Supplied material.
++++

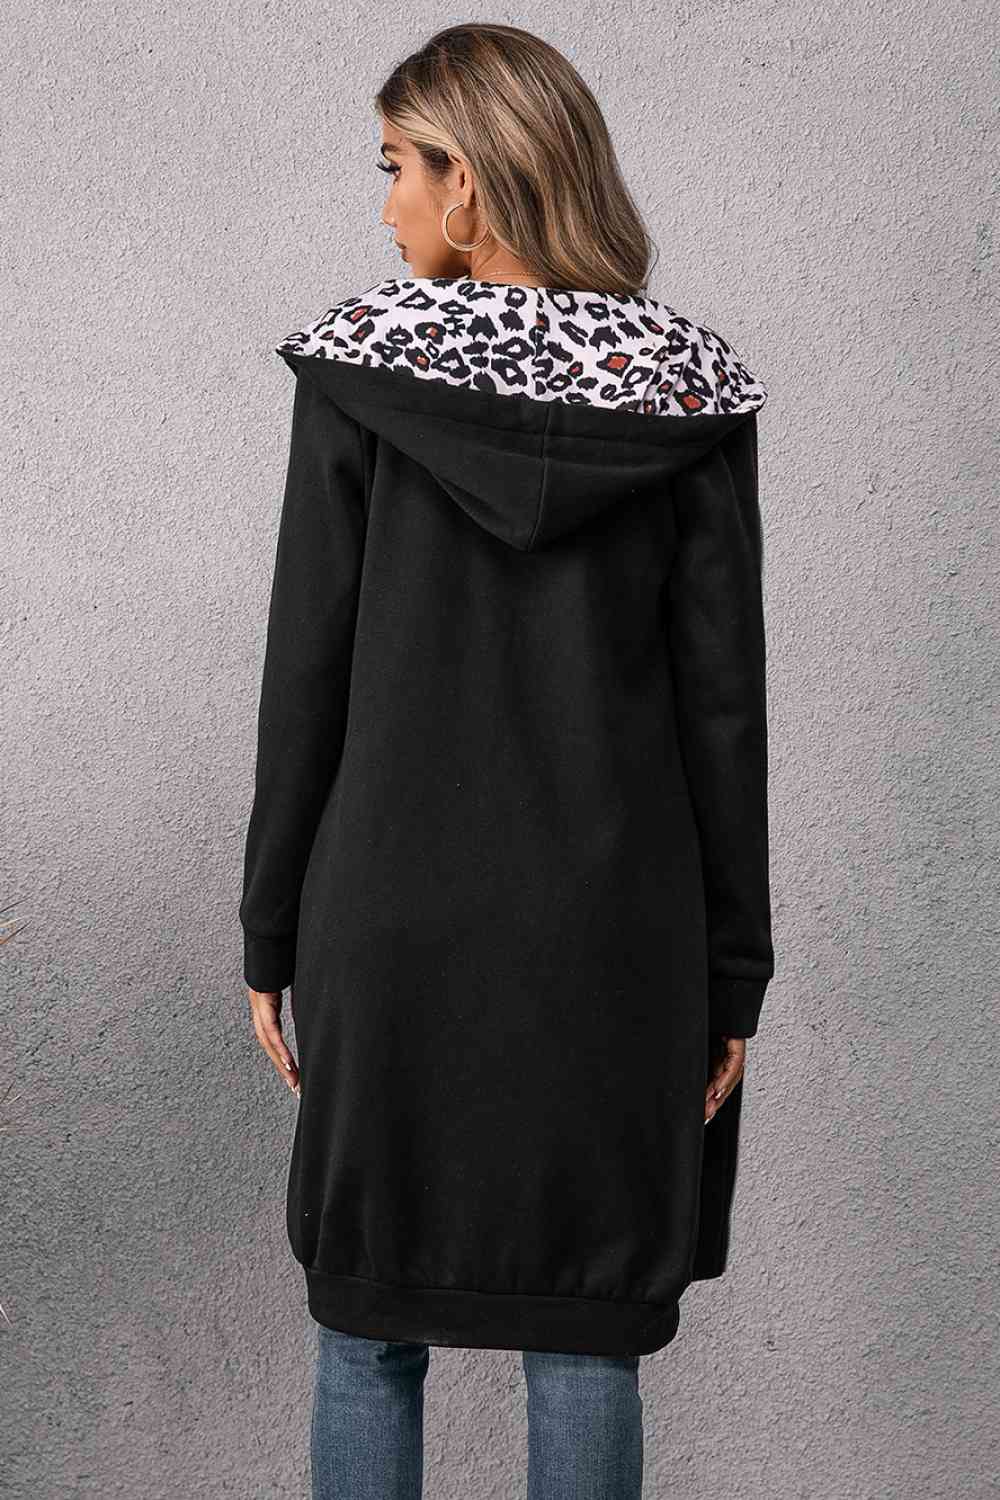 Black Leopard Spliced Drawstring Zip Up Hoodie Dress
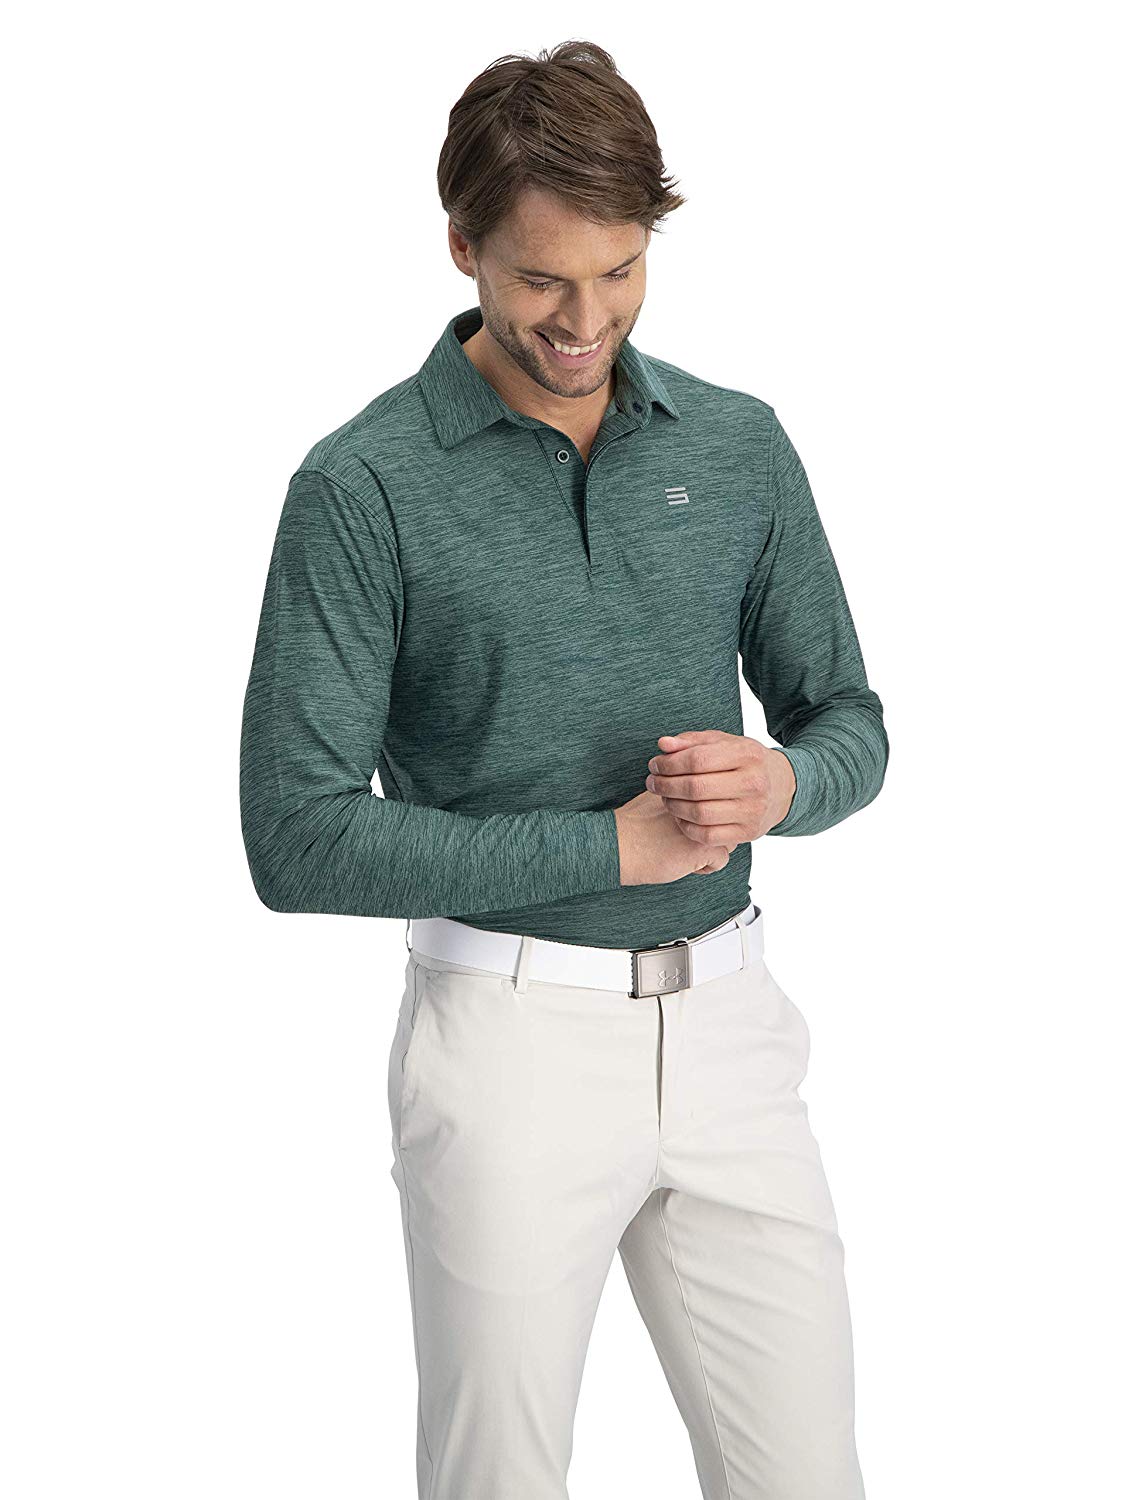 Best Golf Clothing Brands Uk - Best Design Idea
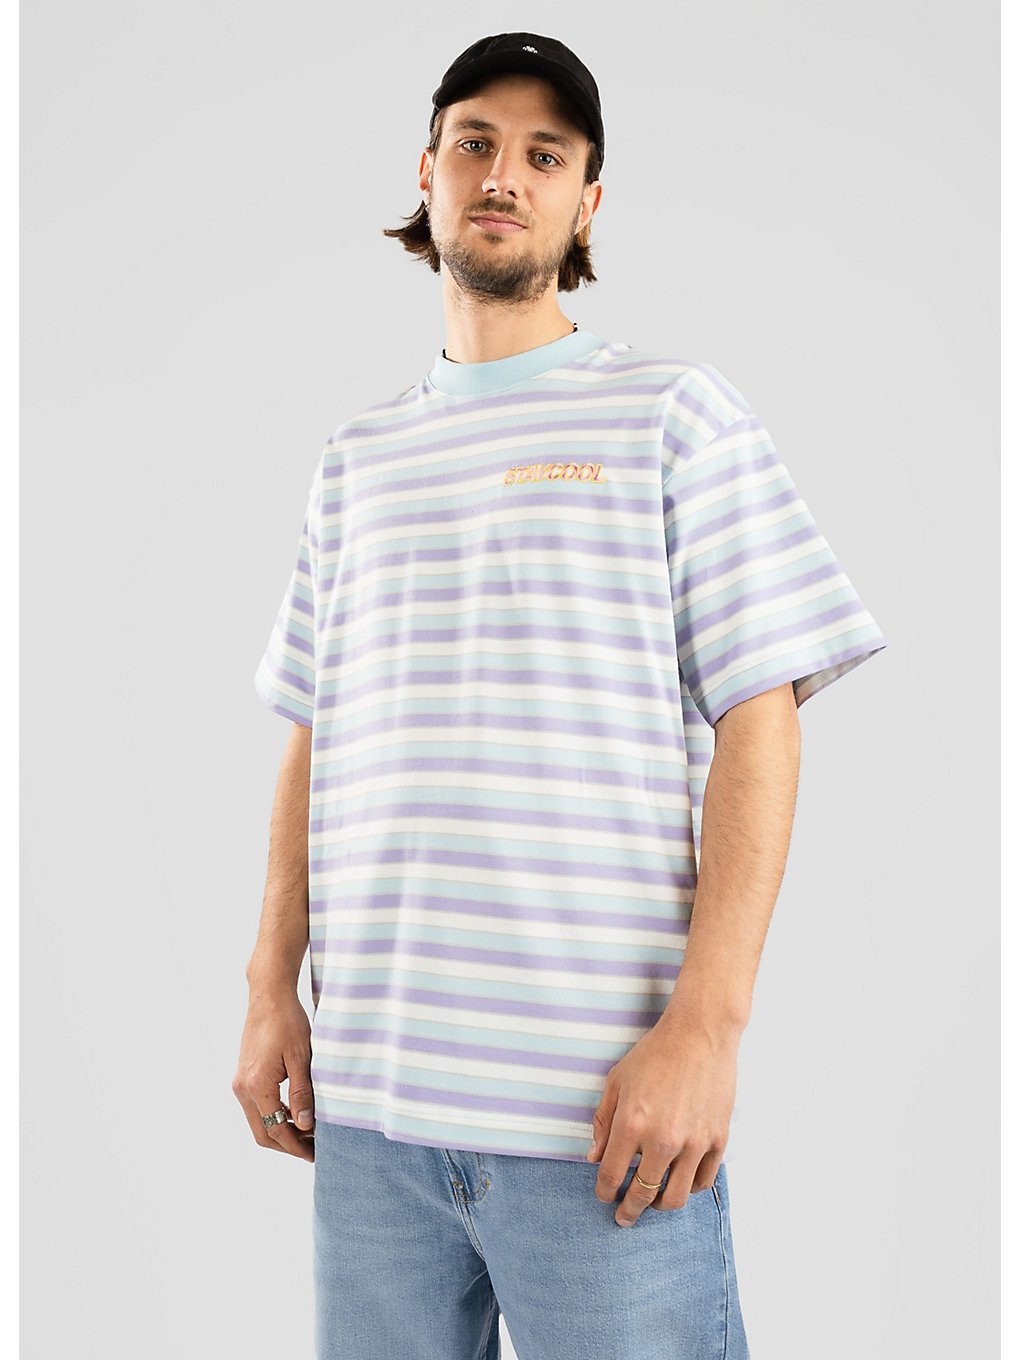 Staycoolnyc Blueberry Striped T-Shirt multi kaufen
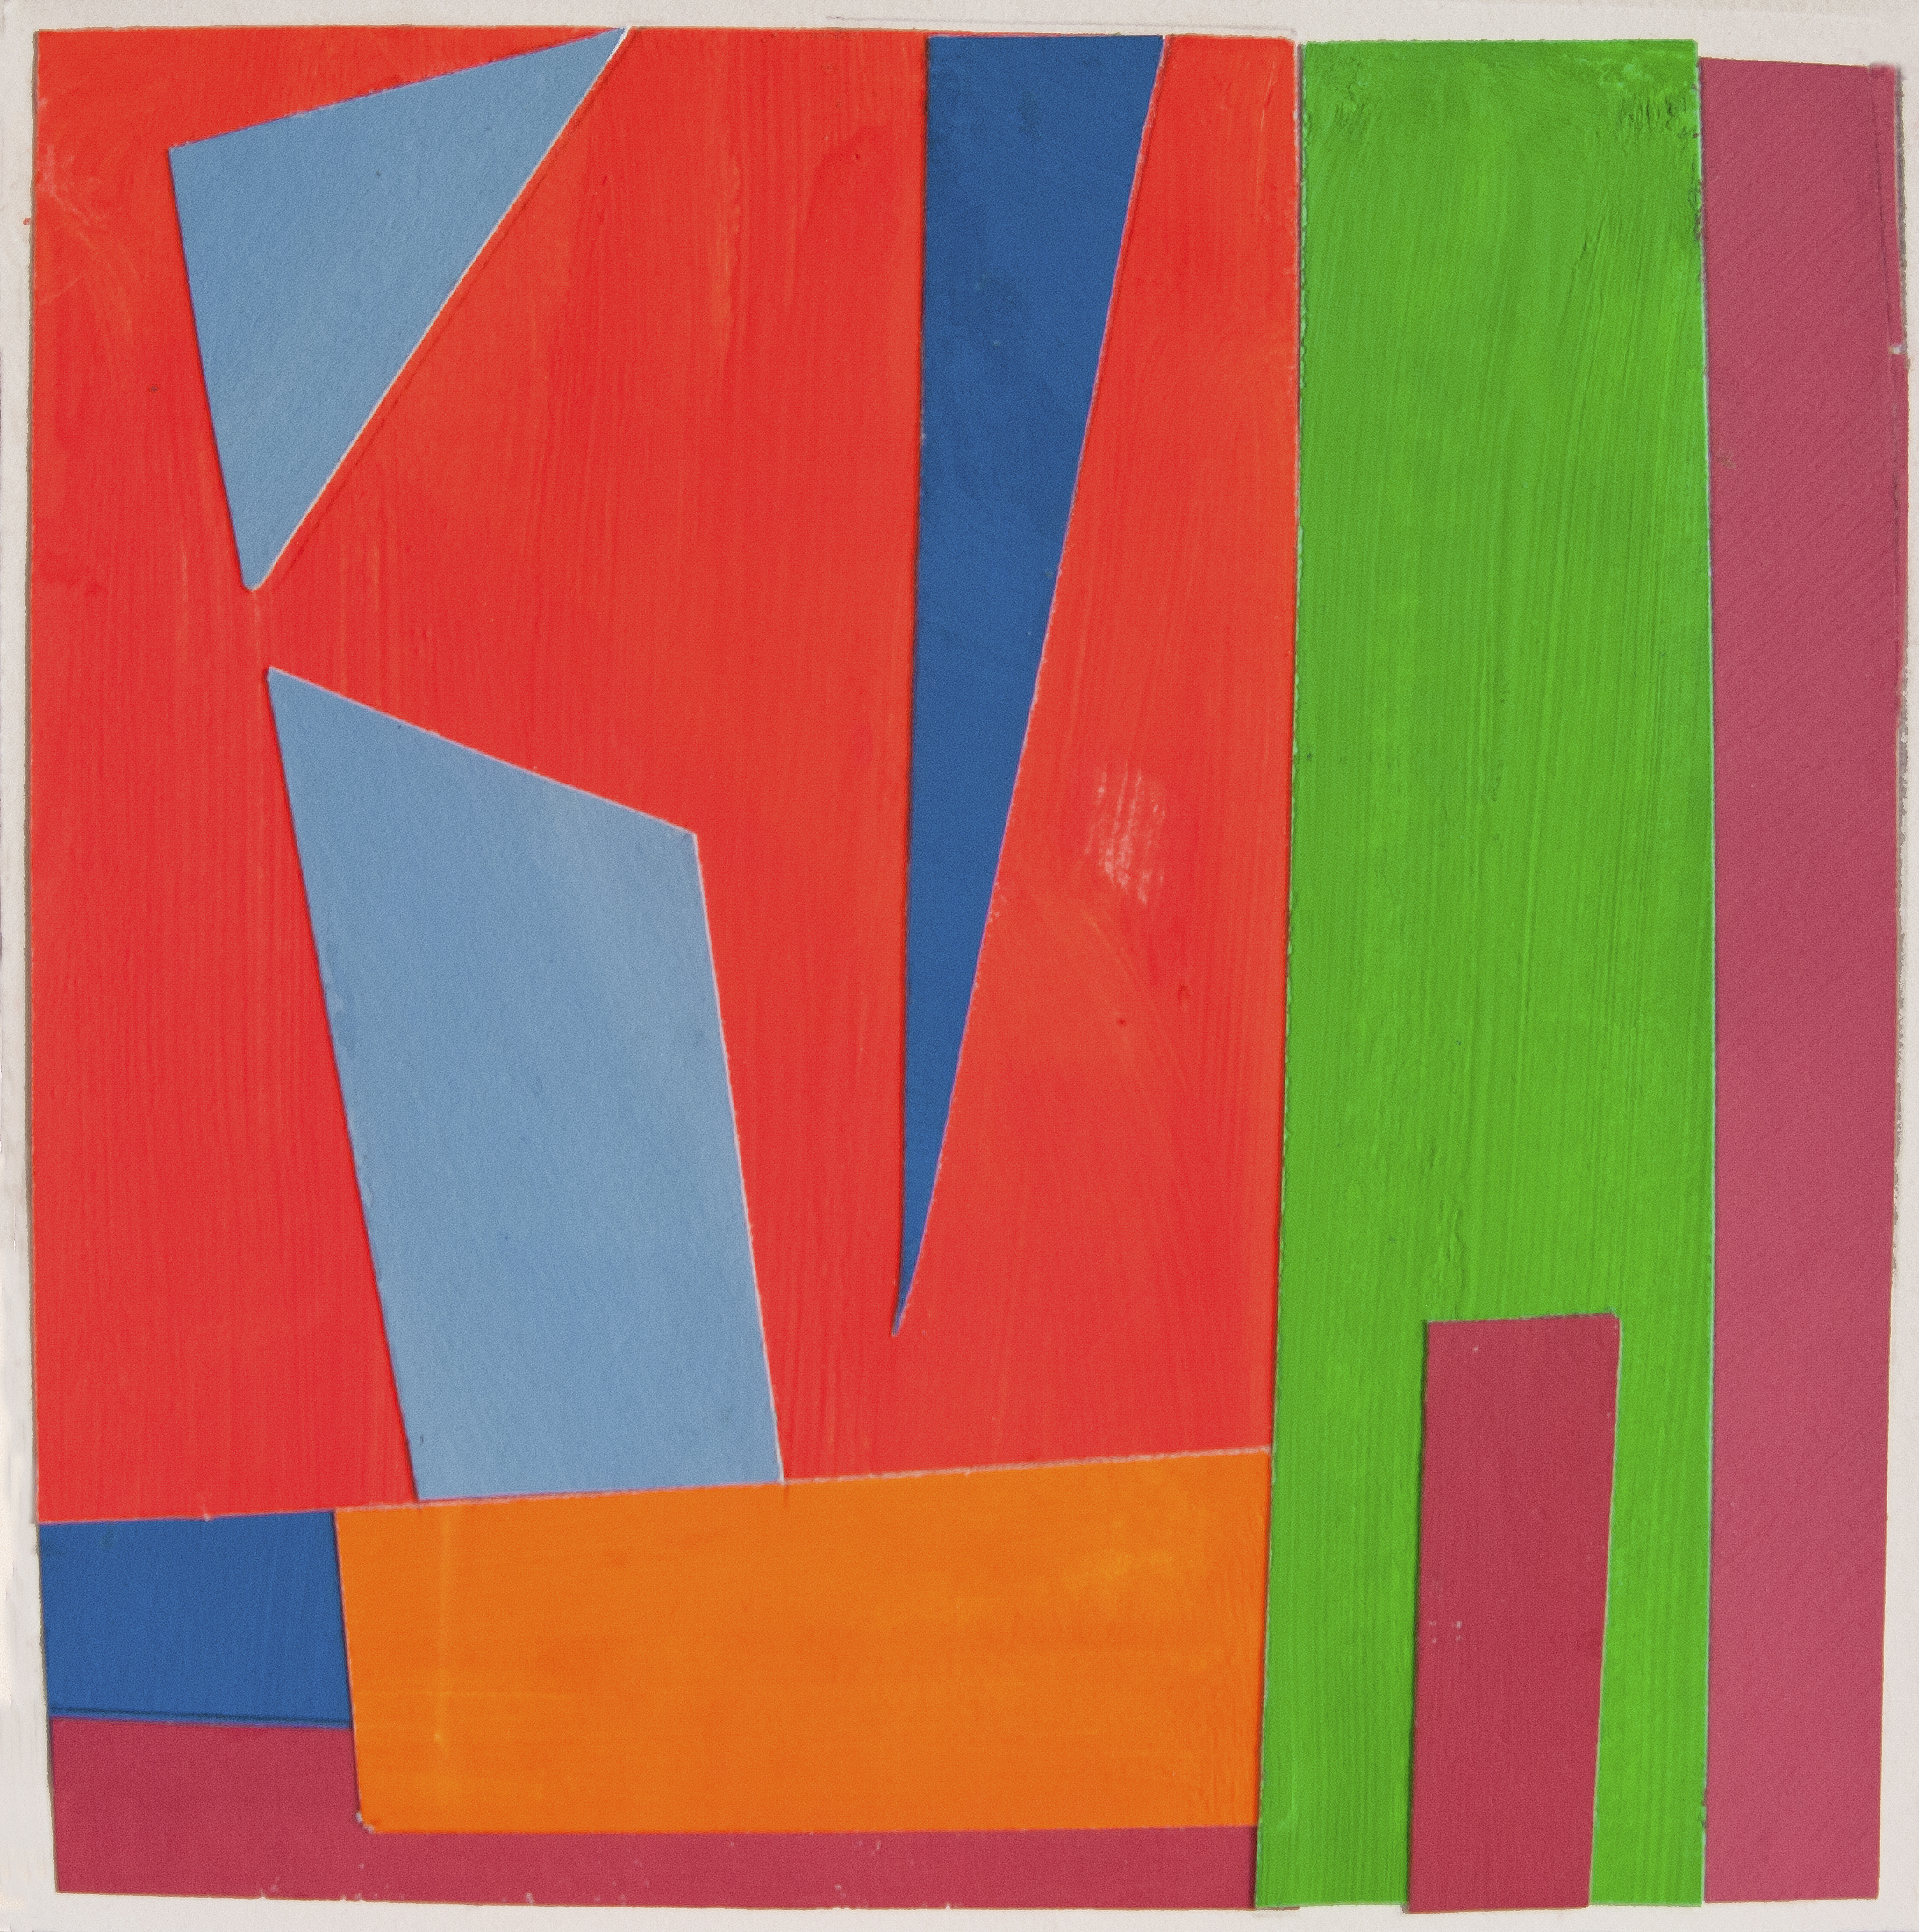    Cutout (red, blue, green),   gouache lumi colors, 6 x 6 in, 2016

++++

Please repeat the data above exactly as it appears, pictures excluded.

Finished task.
 Black Leopard Spliced Drawstring Zip Up Hoodie Dress
 Best Golf Clothing Brands Uk - Best Design Idea
 Staycoolnyc Blueberry Striped T-Shirt multi kaufen
    Cutout (red, blue, green),   gouache lumi colors, 6 x 6 in, 2016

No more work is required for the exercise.